• **Required work**: The data must be given again exactly as written, with all images omitted.

• **Supplied data**:
•••••
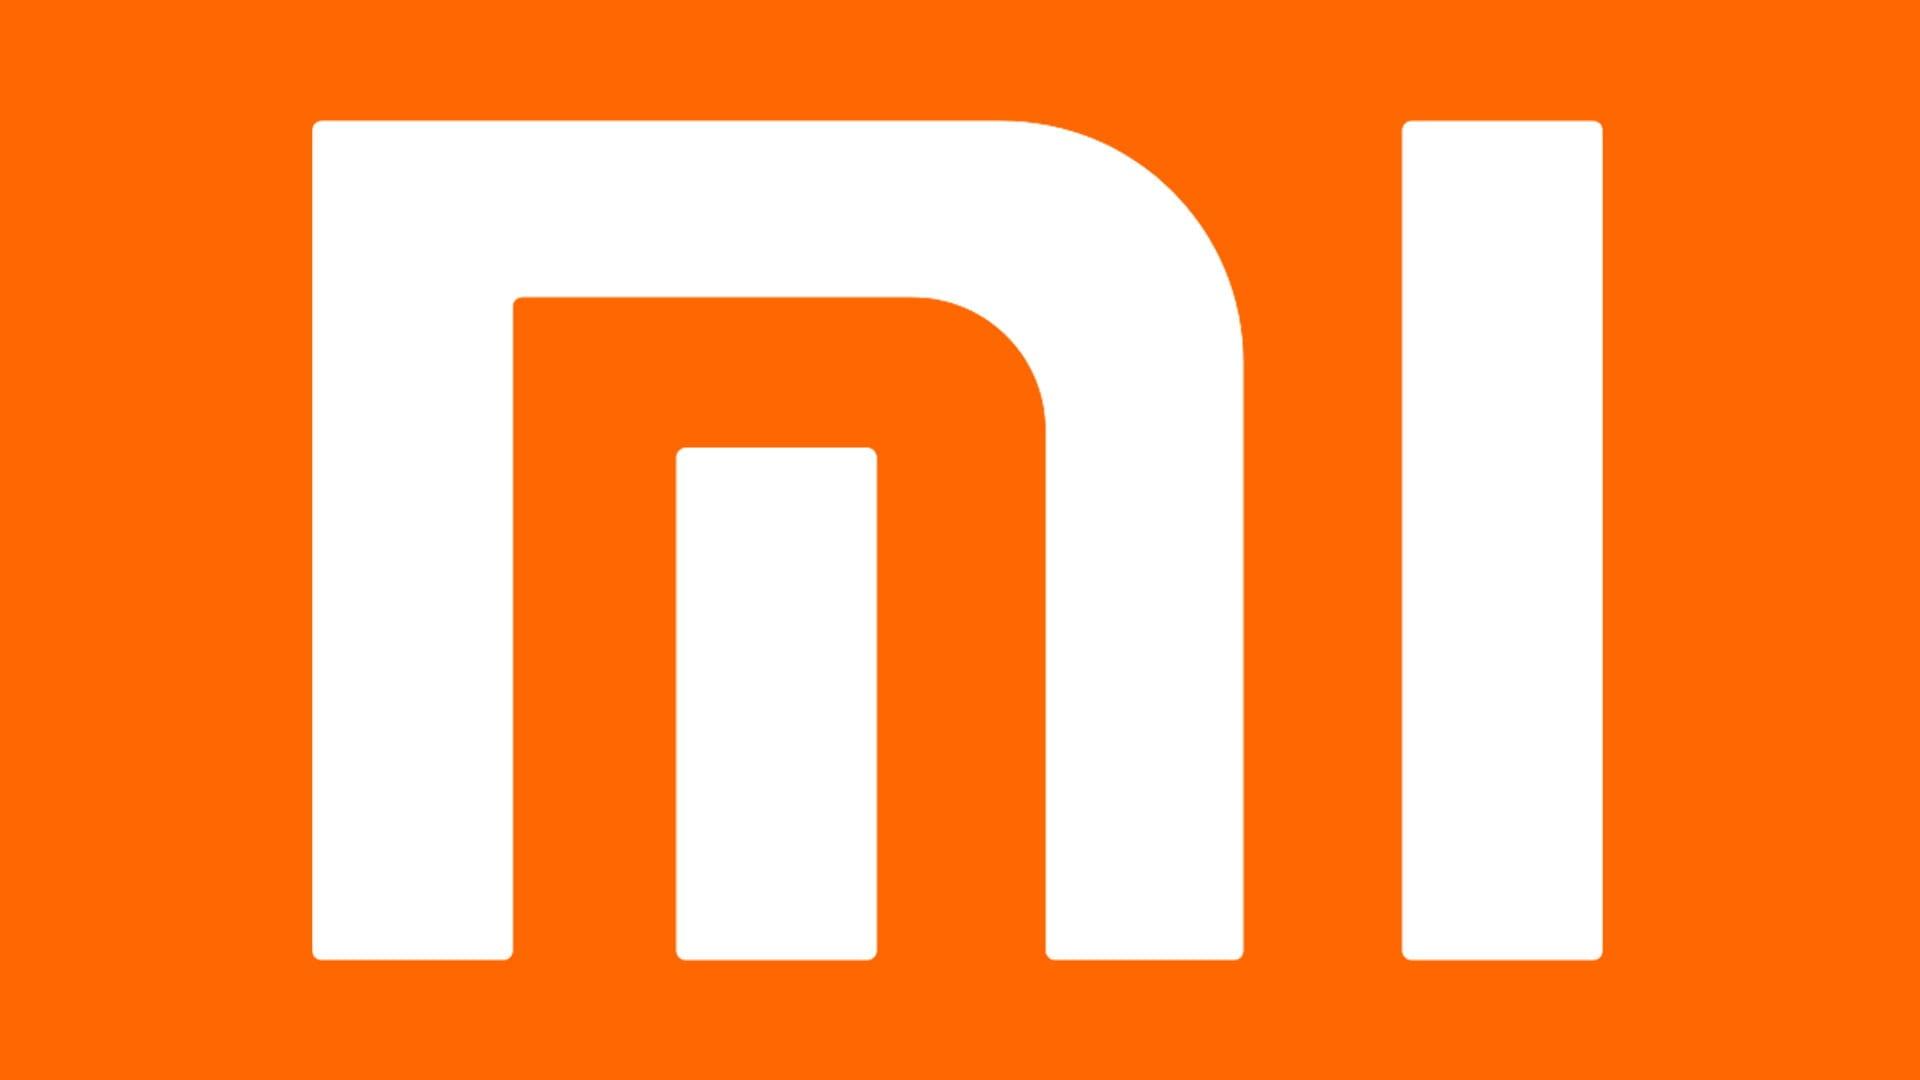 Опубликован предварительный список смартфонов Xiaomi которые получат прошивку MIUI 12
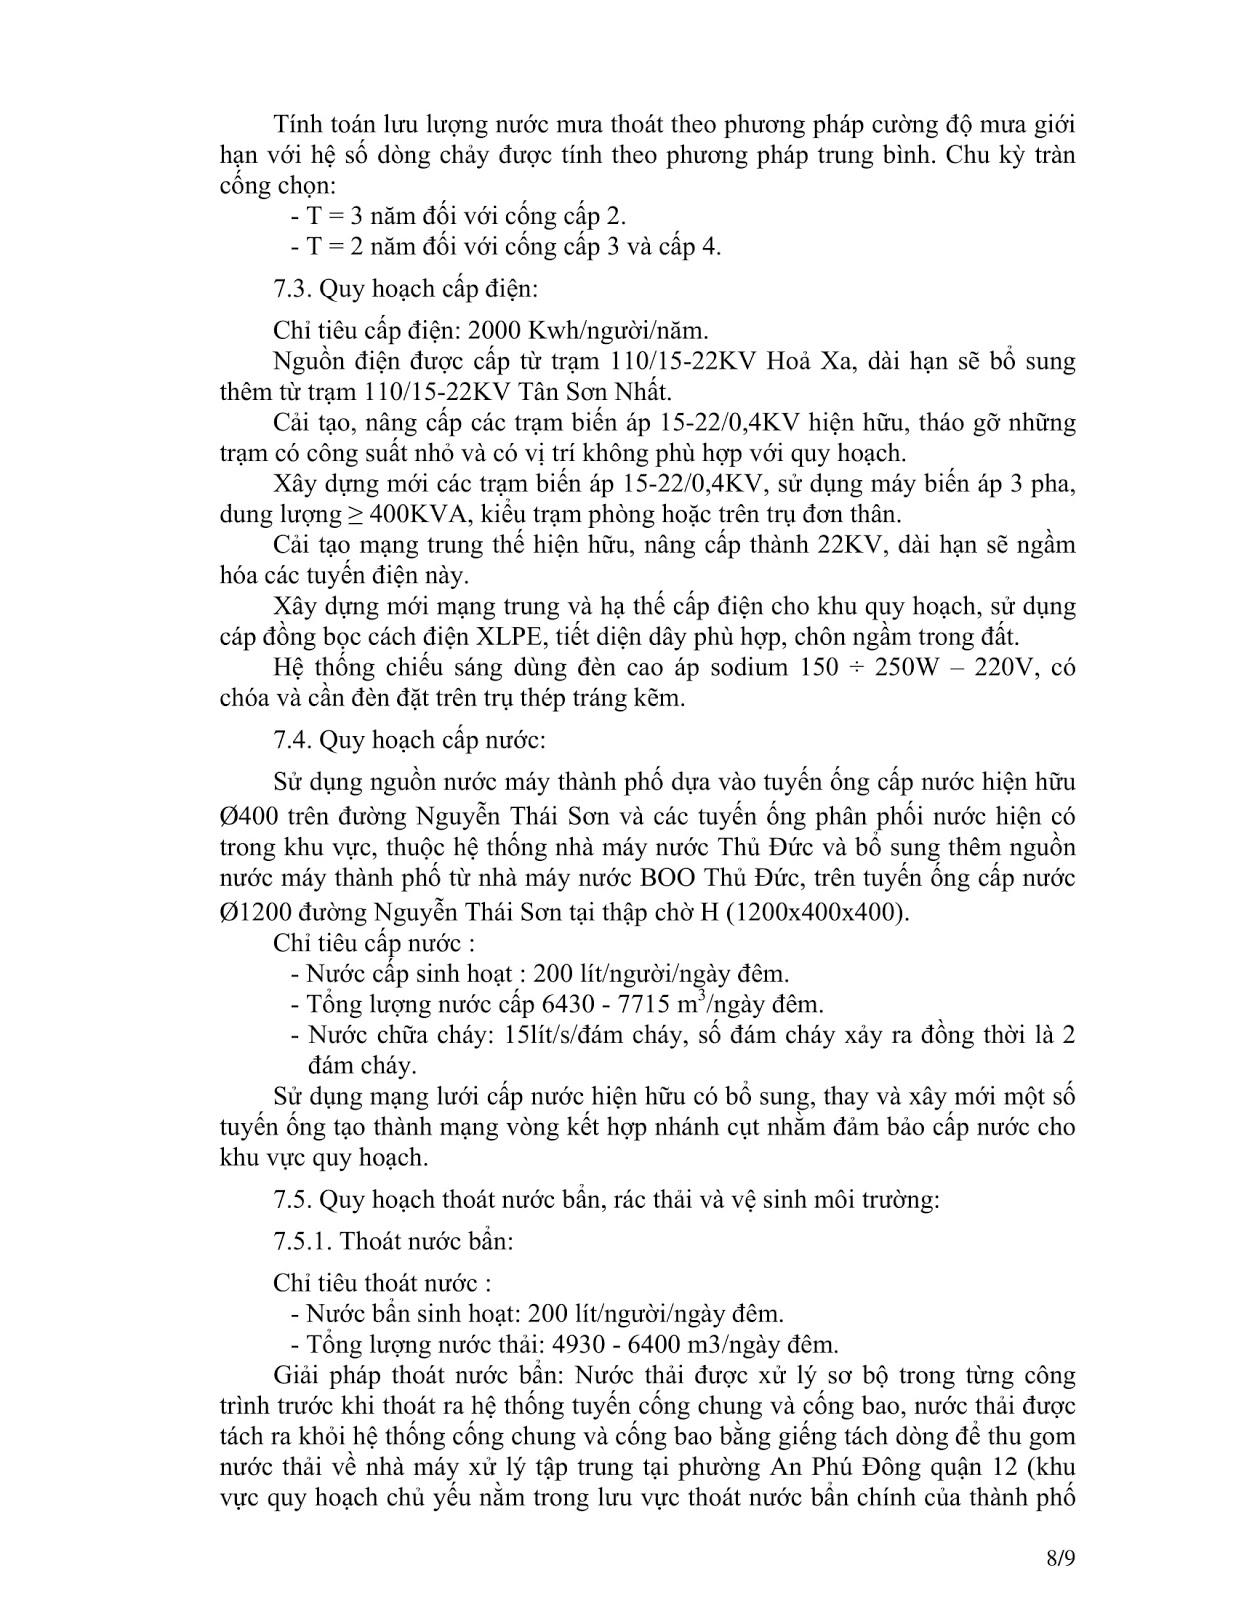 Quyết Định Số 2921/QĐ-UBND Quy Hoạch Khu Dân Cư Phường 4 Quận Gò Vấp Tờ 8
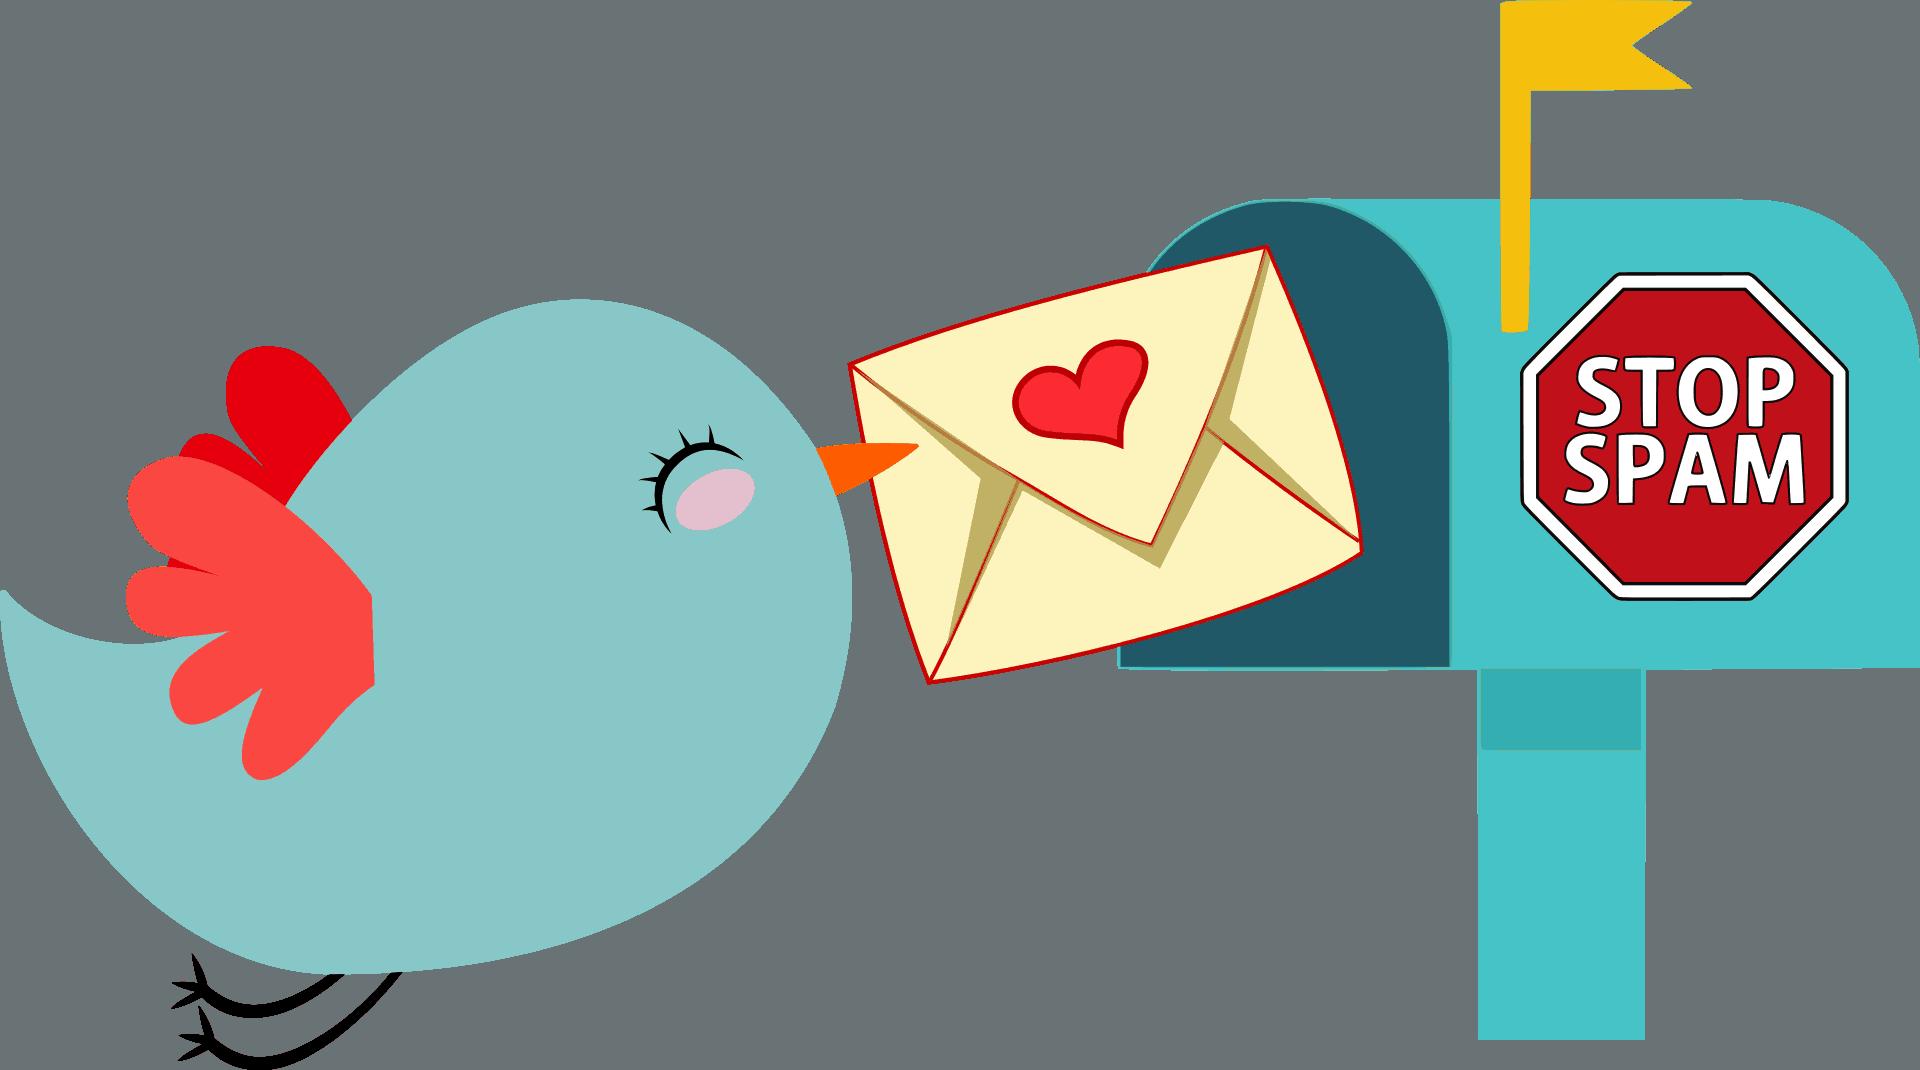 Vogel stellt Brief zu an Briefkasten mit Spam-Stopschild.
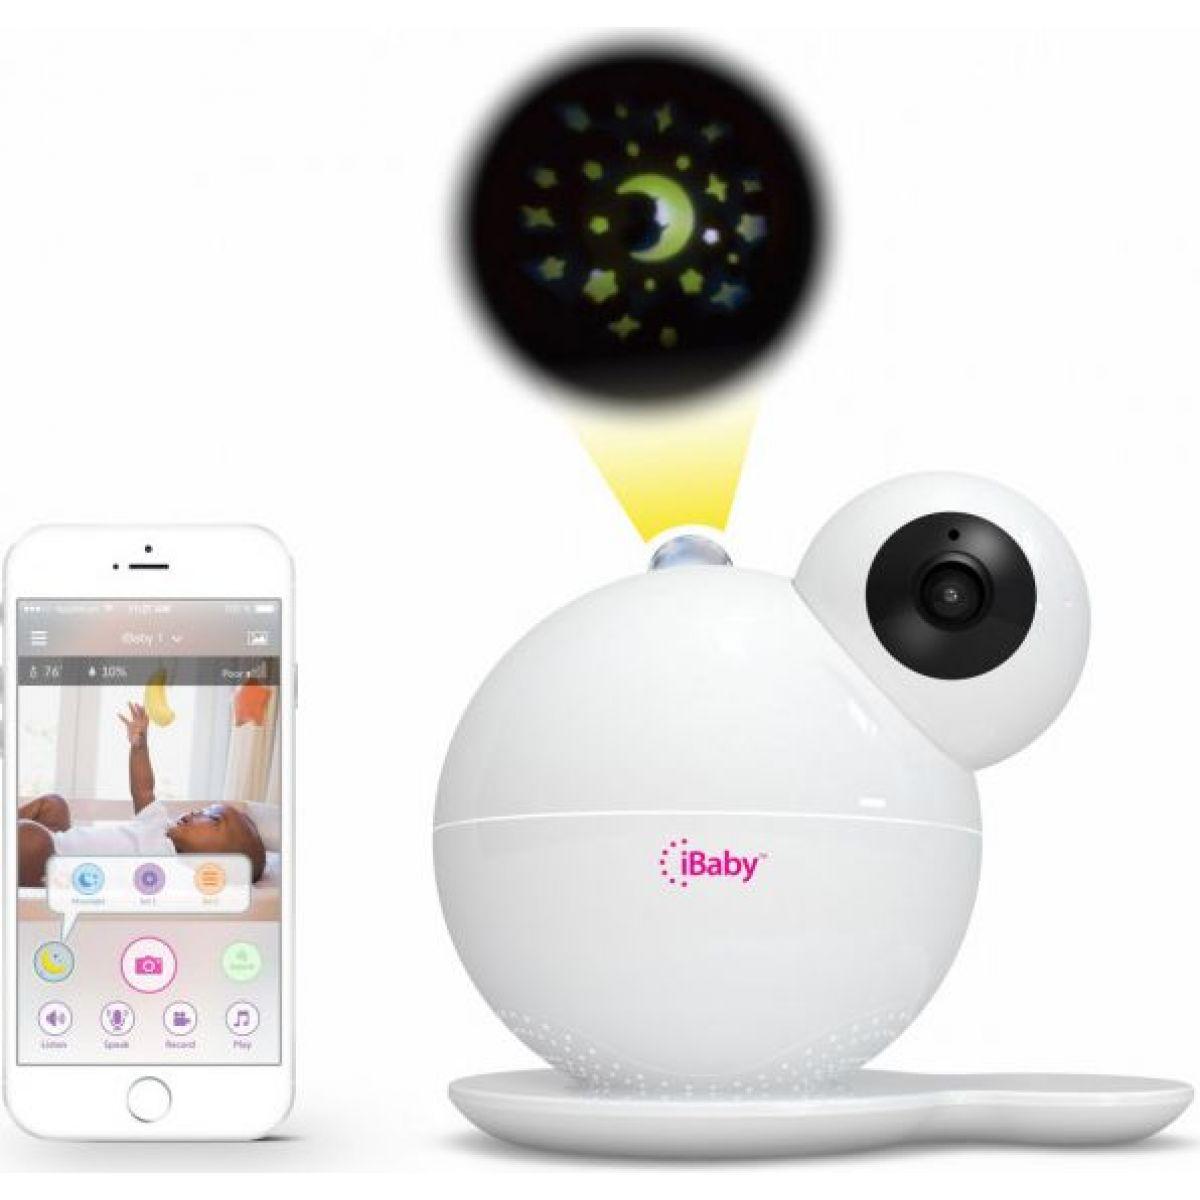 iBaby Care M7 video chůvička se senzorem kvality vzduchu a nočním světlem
•••••
• **Result of the exercise**:
 Опубликован предварительный список смартфонов Xiaomi которые получат прошивку MIUI 12
 Quyết Định Số 2921/QĐ-UBND Quy Hoạch Khu Dân Cư Phường 4 Quận Gò Vấp Tờ 8
 Vogel stellt Brief zu an Briefkasten mit Spam-Stopschild.
 iBaby Care M7 video chůvička se senzorem kvality vzduchu a nočním světlem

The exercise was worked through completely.